エンジンをかけて走り出す。低回転域からしっかりとしたトルクがあり粘り強く、ラフなスロットルワークを行ってもギクシャクするようなことがないのはマルチエンジンならではのことだ。CB400SFのエンジンに採用されている可変バルブシステムHYPER VTEC Revoは、通常は1気筒あたり2バルブが作動し、1速から5速までは6,300回転でもしくはスロットル開度に応じて6,300~6,750回転で、6速時には6,750回転で4バルブが使われるようになる。その作動は実に自然なものであるし、4バルブになってからの吹け上がりは最高である。足回りに関しても、よく動き路面を掴み、ライダーへのインフォメーションをしっかりと伝えてくれる。はっきり言って非の打ち所がないとはこのことである。

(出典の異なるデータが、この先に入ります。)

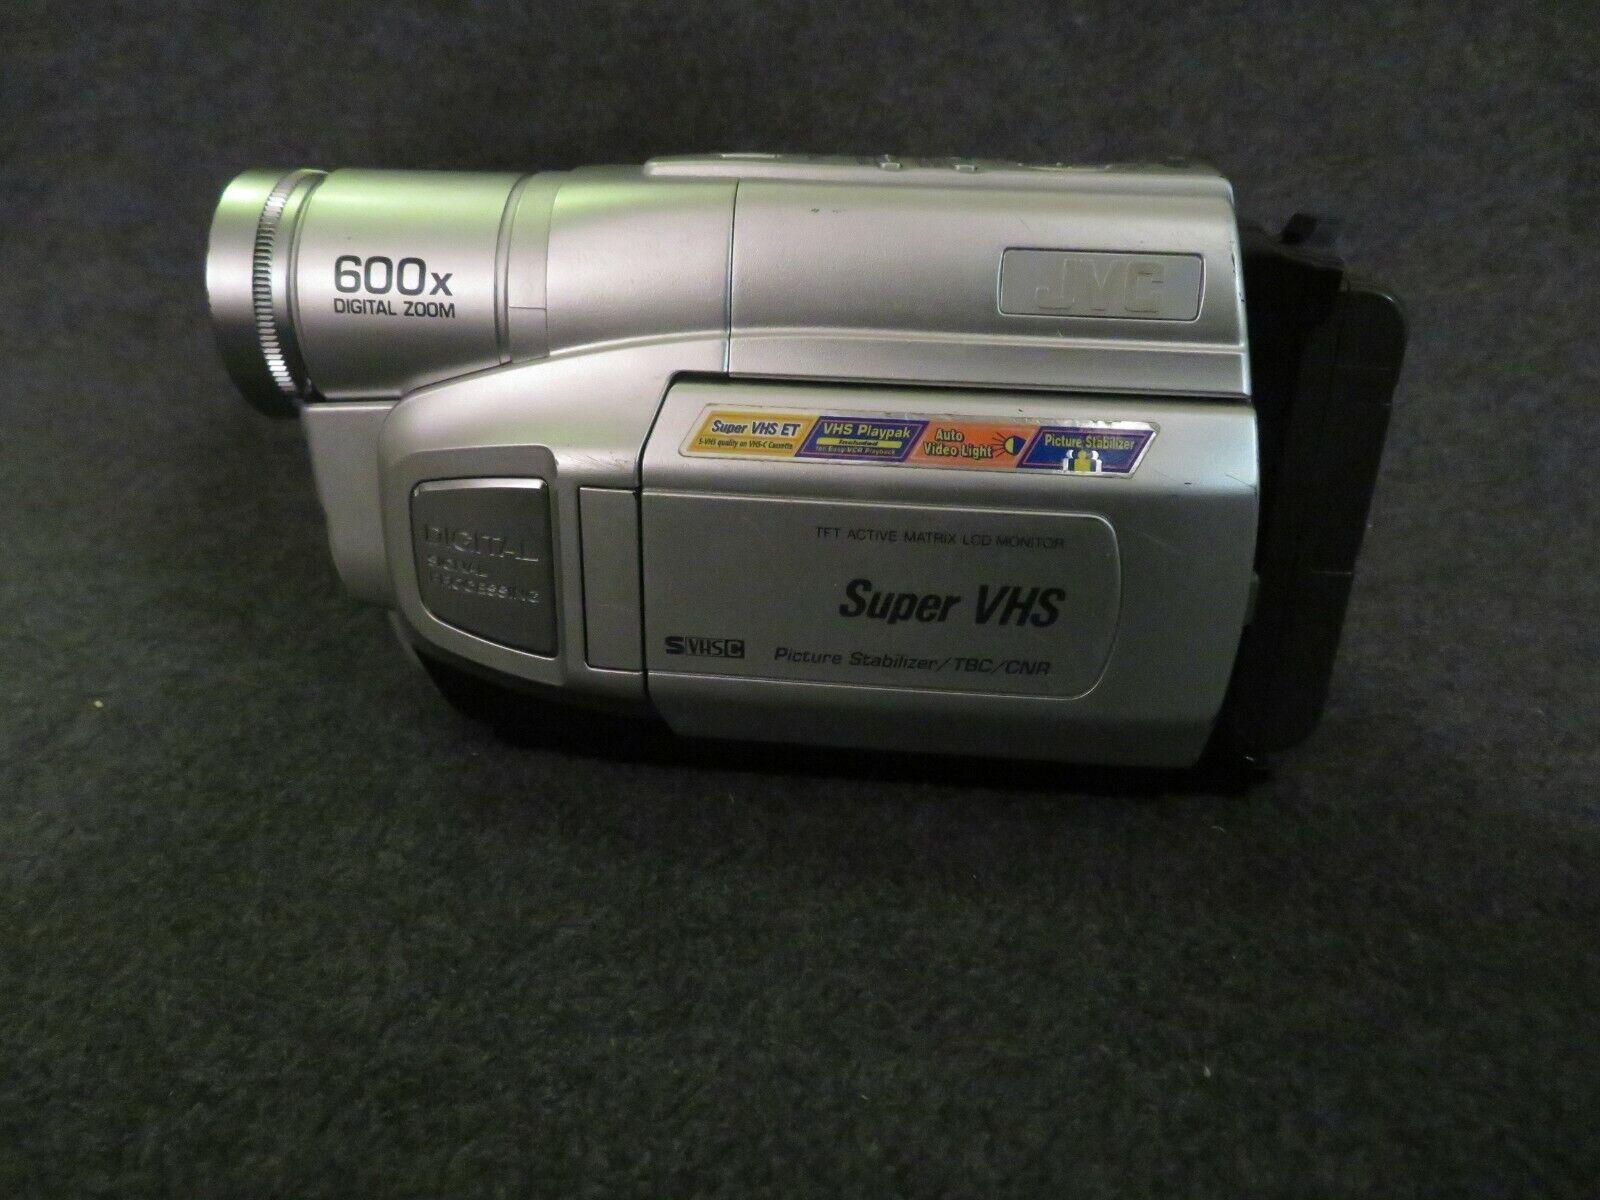 Jvc Gr Sxm250u Svhs Camcorder 600x Zoom Working Very Good For Sale Online Ebay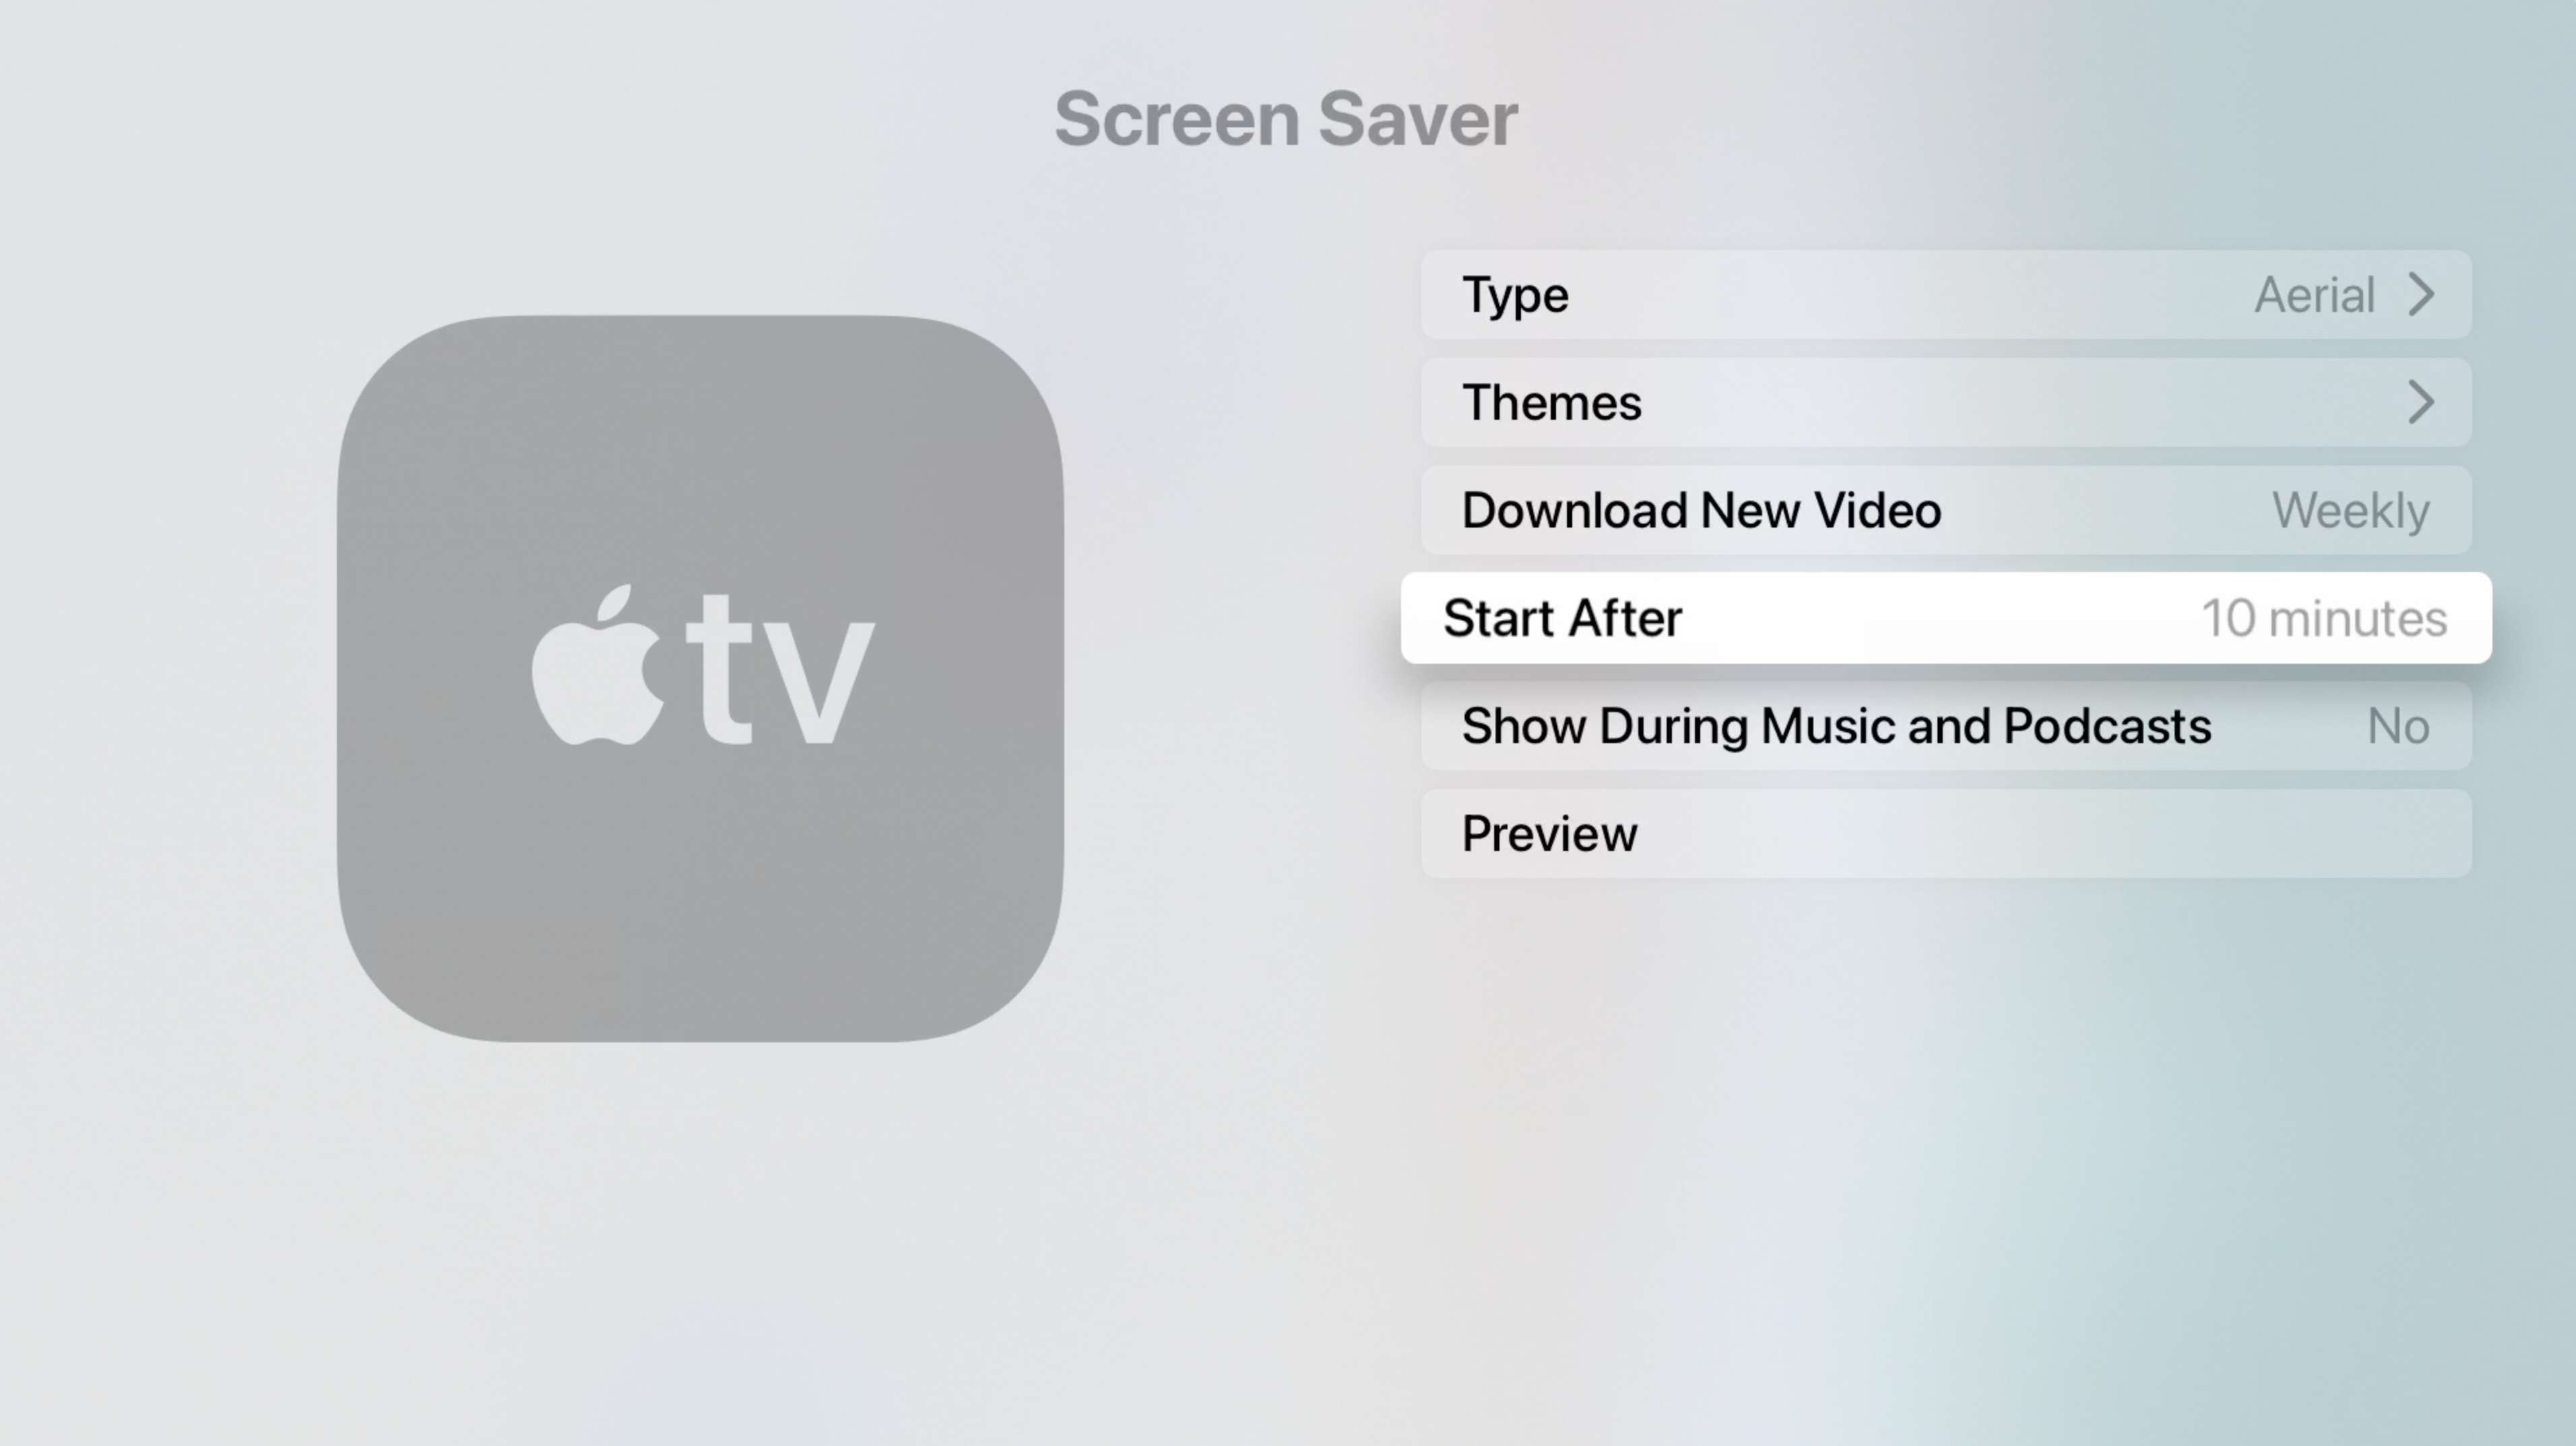 Screen Saver Options on Apple TV

仕事柄、様々なバイクをテストし、CB400SFと同クラスのモデルも多いのだが、これほどまでに完成度の高いバイクは他にはない。走っていて楽しくて、タンデムも荷物満載のロングツーリングも、さらにはサーキット走行を行っても高いポテンシャルを発揮する。バランスの良さは唯一無二と言っていいだろう。
もし強いて挙げるとすればCB1300SFとなるのだが、あれはビッグバイクカテゴリーであり、その重量などから女性やビギナーであれば持て余してしまうだろう。CB400SFは万人受けするバイクなのである。だからこそ一方で、面白みがないとか、上がりバイクと揶揄されることもあるのだが、これほどバイクライフを豊かにしてくれるモデルは無いのではないだろうか。突出した部分は持ち合わせていないかもしれないが、すべてに関して上質であり高性能。CB400SFが相棒ならば、末永くバイクライフを楽しむことができる。私はそう思っている。
新車で購入しじっくりと付き合うもよし、こなれた価格の中古を手に入れ、バイク遊びの新しいトビラを開くのも良いだろう。できることならばこの素晴らしさを世界中のすべてのライダーに経験して欲しい、CB400SFはそんなバイクだ。